> WHAT IS NEEDED
The answer should be each line from the entries below that has the word "Kitchen" in it.

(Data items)

# # # # # # #

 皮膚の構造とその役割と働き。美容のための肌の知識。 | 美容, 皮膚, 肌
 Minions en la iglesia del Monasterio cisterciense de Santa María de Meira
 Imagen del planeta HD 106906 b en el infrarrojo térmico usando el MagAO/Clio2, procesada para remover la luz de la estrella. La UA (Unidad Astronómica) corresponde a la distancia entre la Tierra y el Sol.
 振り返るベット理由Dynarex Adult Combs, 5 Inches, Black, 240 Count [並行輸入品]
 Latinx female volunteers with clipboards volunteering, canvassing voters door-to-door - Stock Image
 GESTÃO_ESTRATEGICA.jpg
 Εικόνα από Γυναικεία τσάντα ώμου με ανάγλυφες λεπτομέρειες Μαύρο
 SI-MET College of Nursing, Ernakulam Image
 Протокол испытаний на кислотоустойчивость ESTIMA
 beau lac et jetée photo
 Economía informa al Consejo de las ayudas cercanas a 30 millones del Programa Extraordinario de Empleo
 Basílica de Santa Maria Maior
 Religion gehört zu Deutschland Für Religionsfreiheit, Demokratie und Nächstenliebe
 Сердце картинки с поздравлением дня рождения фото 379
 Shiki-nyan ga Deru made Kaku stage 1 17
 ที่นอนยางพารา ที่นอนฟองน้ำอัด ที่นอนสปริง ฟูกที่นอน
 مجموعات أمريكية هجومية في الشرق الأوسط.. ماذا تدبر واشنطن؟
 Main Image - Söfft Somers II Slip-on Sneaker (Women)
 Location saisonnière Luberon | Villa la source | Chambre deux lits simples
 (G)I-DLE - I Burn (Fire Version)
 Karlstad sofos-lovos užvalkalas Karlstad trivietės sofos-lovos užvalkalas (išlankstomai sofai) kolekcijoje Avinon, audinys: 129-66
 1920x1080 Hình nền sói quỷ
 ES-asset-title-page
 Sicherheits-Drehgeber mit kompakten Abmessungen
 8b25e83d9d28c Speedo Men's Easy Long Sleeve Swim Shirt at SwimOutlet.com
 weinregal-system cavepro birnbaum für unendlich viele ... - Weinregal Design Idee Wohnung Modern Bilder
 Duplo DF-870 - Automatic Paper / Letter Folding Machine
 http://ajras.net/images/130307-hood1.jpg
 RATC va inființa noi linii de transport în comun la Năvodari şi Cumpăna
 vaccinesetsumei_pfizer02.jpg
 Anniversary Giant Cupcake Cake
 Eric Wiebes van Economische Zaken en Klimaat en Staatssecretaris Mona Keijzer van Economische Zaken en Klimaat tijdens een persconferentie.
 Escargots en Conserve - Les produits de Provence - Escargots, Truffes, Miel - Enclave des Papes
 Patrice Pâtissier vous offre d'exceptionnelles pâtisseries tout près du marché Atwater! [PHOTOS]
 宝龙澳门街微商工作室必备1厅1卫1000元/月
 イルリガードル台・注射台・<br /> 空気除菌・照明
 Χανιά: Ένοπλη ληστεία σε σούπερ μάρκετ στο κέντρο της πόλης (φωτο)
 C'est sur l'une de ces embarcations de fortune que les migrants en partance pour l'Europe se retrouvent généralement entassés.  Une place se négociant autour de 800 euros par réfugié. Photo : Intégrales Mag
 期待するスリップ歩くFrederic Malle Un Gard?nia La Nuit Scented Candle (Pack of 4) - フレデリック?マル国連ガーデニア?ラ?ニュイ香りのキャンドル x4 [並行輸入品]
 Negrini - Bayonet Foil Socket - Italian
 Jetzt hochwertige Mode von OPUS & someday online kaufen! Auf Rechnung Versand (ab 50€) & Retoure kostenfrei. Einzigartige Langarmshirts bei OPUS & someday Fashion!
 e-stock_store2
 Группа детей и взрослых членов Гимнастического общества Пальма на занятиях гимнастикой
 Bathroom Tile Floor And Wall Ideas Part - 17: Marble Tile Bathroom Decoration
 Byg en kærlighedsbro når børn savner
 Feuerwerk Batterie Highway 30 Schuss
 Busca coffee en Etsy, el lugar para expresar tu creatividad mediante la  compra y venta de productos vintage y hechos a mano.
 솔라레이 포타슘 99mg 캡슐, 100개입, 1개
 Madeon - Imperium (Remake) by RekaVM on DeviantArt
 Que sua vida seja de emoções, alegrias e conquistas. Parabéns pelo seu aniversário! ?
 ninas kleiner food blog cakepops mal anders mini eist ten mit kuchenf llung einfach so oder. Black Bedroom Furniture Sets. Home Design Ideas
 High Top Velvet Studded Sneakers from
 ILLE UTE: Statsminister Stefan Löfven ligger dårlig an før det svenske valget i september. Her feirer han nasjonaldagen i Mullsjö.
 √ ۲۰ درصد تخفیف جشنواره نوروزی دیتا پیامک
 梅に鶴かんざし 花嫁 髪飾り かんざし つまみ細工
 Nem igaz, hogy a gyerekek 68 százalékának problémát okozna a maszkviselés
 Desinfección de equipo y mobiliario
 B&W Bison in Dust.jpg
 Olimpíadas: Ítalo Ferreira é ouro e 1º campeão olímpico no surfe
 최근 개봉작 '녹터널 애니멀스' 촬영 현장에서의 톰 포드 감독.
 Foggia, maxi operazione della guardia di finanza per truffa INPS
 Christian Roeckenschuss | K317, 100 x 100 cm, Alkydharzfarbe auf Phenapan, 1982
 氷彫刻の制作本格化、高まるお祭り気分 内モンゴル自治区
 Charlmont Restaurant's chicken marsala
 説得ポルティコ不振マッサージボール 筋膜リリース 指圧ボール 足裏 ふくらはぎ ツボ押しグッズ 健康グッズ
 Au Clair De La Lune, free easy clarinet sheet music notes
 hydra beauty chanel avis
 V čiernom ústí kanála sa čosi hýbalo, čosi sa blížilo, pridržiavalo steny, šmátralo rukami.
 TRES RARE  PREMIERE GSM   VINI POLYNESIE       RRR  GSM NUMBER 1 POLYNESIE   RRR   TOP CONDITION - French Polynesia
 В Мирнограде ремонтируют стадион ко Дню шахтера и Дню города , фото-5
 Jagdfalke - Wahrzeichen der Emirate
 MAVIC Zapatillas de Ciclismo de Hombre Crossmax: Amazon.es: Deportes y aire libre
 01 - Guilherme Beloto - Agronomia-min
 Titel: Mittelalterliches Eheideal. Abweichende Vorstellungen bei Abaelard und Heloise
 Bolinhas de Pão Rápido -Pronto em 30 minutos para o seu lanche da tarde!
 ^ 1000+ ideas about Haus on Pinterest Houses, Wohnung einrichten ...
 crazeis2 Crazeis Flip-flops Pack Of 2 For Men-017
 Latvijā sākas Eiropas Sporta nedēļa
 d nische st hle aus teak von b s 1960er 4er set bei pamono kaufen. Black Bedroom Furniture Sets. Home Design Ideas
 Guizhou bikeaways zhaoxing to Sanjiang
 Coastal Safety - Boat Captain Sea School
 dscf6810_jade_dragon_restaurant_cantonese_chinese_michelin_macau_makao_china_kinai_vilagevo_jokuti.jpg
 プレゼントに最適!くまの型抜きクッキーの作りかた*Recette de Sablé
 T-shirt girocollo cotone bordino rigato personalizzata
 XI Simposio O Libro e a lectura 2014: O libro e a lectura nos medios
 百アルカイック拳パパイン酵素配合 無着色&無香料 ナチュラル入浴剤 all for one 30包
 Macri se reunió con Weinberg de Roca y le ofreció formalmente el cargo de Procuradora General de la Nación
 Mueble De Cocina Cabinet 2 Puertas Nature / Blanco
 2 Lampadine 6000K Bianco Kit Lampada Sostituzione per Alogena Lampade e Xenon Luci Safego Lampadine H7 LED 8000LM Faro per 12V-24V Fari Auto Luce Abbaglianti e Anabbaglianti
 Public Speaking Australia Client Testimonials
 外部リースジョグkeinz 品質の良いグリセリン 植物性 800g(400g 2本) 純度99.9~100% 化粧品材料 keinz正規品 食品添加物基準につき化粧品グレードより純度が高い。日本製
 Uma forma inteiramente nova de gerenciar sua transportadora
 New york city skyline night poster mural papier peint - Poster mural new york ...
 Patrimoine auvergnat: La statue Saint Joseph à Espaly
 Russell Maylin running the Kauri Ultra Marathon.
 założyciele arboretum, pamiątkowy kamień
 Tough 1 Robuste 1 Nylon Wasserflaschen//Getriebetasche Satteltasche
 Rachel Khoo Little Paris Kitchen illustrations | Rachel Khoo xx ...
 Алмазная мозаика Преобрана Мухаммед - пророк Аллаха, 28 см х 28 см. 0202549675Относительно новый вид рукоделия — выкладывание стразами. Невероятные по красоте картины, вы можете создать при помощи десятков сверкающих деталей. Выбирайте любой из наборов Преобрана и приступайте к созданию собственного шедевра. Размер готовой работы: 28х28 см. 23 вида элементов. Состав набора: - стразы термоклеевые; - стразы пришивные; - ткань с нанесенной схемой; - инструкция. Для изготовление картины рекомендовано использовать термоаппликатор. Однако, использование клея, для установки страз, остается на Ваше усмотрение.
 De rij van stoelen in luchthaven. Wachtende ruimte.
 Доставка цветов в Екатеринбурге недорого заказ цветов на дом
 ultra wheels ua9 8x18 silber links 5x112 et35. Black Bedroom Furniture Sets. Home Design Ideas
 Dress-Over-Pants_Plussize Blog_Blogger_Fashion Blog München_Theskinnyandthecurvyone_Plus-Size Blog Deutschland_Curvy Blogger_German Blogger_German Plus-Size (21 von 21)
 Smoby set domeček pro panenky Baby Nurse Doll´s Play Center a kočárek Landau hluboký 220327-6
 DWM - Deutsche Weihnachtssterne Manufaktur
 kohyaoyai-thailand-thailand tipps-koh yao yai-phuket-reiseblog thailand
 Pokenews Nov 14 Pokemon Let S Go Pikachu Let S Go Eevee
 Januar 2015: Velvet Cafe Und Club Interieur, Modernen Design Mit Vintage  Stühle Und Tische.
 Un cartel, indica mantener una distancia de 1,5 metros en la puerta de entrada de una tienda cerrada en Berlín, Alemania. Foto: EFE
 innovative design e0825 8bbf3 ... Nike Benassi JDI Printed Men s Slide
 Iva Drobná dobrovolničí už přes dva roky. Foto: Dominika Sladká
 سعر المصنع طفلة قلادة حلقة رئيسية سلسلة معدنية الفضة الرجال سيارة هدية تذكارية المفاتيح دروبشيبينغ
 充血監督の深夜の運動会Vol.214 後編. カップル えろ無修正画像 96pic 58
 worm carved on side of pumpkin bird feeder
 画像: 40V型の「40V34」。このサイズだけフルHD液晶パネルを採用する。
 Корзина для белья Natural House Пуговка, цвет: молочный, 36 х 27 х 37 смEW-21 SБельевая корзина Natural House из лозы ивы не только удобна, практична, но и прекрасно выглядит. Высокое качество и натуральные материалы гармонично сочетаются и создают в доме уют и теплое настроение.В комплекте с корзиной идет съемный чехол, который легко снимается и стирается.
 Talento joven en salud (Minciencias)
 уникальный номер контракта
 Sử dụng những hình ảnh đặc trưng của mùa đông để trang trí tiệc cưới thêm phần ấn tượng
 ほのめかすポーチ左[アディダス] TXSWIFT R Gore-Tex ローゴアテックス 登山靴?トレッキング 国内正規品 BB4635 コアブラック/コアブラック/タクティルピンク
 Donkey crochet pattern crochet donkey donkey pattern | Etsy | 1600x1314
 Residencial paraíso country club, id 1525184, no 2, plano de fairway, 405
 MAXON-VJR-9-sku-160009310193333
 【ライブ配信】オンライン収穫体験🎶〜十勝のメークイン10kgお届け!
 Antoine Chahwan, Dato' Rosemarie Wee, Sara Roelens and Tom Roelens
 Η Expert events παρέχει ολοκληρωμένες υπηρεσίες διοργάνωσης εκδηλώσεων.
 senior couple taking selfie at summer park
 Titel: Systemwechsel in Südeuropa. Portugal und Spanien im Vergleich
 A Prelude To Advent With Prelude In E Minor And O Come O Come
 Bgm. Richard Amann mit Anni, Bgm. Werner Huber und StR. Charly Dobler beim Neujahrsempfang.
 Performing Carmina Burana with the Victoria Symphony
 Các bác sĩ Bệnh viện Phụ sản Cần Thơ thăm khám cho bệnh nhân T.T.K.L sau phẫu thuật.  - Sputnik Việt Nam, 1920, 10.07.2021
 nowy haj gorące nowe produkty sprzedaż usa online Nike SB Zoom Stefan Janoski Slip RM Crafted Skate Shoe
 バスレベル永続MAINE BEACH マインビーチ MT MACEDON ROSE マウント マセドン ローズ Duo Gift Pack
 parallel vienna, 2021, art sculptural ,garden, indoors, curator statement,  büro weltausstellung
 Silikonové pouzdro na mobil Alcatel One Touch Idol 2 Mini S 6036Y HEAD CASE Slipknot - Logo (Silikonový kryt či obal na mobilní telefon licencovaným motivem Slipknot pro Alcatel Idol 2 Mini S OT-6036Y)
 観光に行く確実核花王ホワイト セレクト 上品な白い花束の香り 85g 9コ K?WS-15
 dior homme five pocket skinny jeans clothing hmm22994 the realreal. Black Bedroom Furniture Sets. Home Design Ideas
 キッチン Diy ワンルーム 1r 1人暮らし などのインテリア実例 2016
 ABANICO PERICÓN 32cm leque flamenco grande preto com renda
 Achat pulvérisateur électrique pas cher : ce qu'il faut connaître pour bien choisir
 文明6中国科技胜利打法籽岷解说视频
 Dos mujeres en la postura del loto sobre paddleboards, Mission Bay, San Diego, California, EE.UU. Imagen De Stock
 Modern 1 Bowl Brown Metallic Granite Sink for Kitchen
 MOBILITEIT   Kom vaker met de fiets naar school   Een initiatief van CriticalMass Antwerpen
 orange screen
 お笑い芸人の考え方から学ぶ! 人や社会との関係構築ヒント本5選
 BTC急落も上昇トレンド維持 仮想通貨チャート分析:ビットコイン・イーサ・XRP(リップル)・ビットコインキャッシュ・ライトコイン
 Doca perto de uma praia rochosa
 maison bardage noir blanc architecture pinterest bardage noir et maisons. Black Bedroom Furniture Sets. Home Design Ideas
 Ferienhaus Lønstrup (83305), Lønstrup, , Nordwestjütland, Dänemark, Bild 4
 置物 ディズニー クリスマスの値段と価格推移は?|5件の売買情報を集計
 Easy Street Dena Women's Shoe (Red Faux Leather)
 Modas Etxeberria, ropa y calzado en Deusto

# # # # # # #

> WRITTEN SOLUTION
 Rachel Khoo Little Paris Kitchen illustrations | Rachel Khoo xx ...
 Modern 1 Bowl Brown Metallic Granite Sink for Kitchen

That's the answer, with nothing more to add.